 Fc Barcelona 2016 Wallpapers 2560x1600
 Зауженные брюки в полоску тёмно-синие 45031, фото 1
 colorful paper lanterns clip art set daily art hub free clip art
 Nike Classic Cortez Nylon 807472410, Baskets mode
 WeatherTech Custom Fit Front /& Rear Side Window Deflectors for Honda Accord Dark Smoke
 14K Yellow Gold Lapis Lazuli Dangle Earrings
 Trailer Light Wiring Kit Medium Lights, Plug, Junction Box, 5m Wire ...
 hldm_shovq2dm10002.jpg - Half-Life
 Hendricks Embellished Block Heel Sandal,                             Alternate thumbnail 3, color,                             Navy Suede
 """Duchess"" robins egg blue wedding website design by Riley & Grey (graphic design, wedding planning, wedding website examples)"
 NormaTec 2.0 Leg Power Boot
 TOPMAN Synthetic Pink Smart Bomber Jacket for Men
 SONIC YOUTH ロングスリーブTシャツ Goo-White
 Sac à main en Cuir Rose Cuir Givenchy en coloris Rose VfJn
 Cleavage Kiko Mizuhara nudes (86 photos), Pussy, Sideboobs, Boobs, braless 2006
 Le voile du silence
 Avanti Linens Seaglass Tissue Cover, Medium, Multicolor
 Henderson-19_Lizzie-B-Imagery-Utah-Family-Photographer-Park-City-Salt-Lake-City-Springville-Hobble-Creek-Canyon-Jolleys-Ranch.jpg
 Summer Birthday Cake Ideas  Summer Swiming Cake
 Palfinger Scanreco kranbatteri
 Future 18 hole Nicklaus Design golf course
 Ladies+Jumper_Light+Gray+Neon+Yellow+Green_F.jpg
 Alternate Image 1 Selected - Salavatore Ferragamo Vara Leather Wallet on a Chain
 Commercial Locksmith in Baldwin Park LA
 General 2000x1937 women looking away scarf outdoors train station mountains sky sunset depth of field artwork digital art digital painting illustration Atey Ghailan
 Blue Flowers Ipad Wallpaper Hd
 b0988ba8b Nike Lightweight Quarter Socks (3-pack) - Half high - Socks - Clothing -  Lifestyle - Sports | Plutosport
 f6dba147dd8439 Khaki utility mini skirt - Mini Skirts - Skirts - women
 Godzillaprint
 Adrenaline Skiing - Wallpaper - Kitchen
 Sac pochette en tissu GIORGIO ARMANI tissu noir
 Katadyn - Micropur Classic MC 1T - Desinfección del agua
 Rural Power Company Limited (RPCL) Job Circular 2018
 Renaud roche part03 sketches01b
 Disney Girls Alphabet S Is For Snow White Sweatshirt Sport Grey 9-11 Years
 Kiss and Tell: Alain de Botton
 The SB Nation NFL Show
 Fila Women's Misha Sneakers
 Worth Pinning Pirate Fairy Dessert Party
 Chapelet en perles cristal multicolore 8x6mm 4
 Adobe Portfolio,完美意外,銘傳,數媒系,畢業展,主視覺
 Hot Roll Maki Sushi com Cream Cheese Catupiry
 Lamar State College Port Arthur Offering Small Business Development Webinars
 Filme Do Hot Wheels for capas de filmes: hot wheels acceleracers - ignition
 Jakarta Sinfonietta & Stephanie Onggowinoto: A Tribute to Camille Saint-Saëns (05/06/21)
********
Every line in the listing above should be repeated exactly.

 Fc Barcelona 2016 Wallpapers 2560x1600
 Зауженные брюки в полоску тёмно-синие 45031, фото 1
 colorful paper lanterns clip art set daily art hub free clip art
 Nike Classic Cortez Nylon 807472410, Baskets mode
 WeatherTech Custom Fit Front /& Rear Side Window Deflectors for Honda Accord Dark Smoke
 14K Yellow Gold Lapis Lazuli Dangle Earrings
 Trailer Light Wiring Kit Medium Lights, Plug, Junction Box, 5m Wire ...
 hldm_shovq2dm10002.jpg - Half-Life
 Hendricks Embellished Block Heel Sandal,                             Alternate thumbnail 3, color,                             Navy Suede
 """Duchess"" robins egg blue wedding website design by Riley & Grey (graphic design, wedding planning, wedding website examples)"
 NormaTec 2.0 Leg Power Boot
 TOPMAN Synthetic Pink Smart Bomber Jacket for Men
 SONIC YOUTH ロングスリーブTシャツ Goo-White
 Sac à main en Cuir Rose Cuir Givenchy en coloris Rose VfJn
 Cleavage Kiko Mizuhara nudes (86 photos), Pussy, Sideboobs, Boobs, braless 2006
 Le voile du silence
 Avanti Linens Seaglass Tissue Cover, Medium, Multicolor
 Henderson-19_Lizzie-B-Imagery-Utah-Family-Photographer-Park-City-Salt-Lake-City-Springville-Hobble-Creek-Canyon-Jolleys-Ranch.jpg
 Summer Birthday Cake Ideas  Summer Swiming Cake
 Palfinger Scanreco kranbatteri
 Future 18 hole Nicklaus Design golf course
 Ladies+Jumper_Light+Gray+Neon+Yellow+Green_F.jpg
 Alternate Image 1 Selected - Salavatore Ferragamo Vara Leather Wallet on a Chain
 Commercial Locksmith in Baldwin Park LA
 General 2000x1937 women looking away scarf outdoors train station mountains sky sunset depth of field artwork digital art digital painting illustration Atey Ghailan
 Blue Flowers Ipad Wallpaper Hd
 b0988ba8b Nike Lightweight Quarter Socks (3-pack) - Half high - Socks - Clothing -  Lifestyle - Sports | Plutosport
 f6dba147dd8439 Khaki utility mini skirt - Mini Skirts - Skirts - women
 Godzillaprint
 Adrenaline Skiing - Wallpaper - Kitchen
 Sac pochette en tissu GIORGIO ARMANI tissu noir
 Katadyn - Micropur Classic MC 1T - Desinfección del agua
 Rural Power Company Limited (RPCL) Job Circular 2018
 Renaud roche part03 sketches01b
 Disney Girls Alphabet S Is For Snow White Sweatshirt Sport Grey 9-11 Years
 Kiss and Tell: Alain de Botton
 The SB Nation NFL Show
 Fila Women's Misha Sneakers
 Worth Pinning Pirate Fairy Dessert Party
 Chapelet en perles cristal multicolore 8x6mm 4
 Adobe Portfolio,完美意外,銘傳,數媒系,畢業展,主視覺
 Hot Roll Maki Sushi com Cream Cheese Catupiry
 Lamar State College Port Arthur Offering Small Business Development Webinars
 Filme Do Hot Wheels for capas de filmes: hot wheels acceleracers - ignition
 Jakarta Sinfonietta & Stephanie Onggowinoto: A Tribute to Camille Saint-Saëns (05/06/21)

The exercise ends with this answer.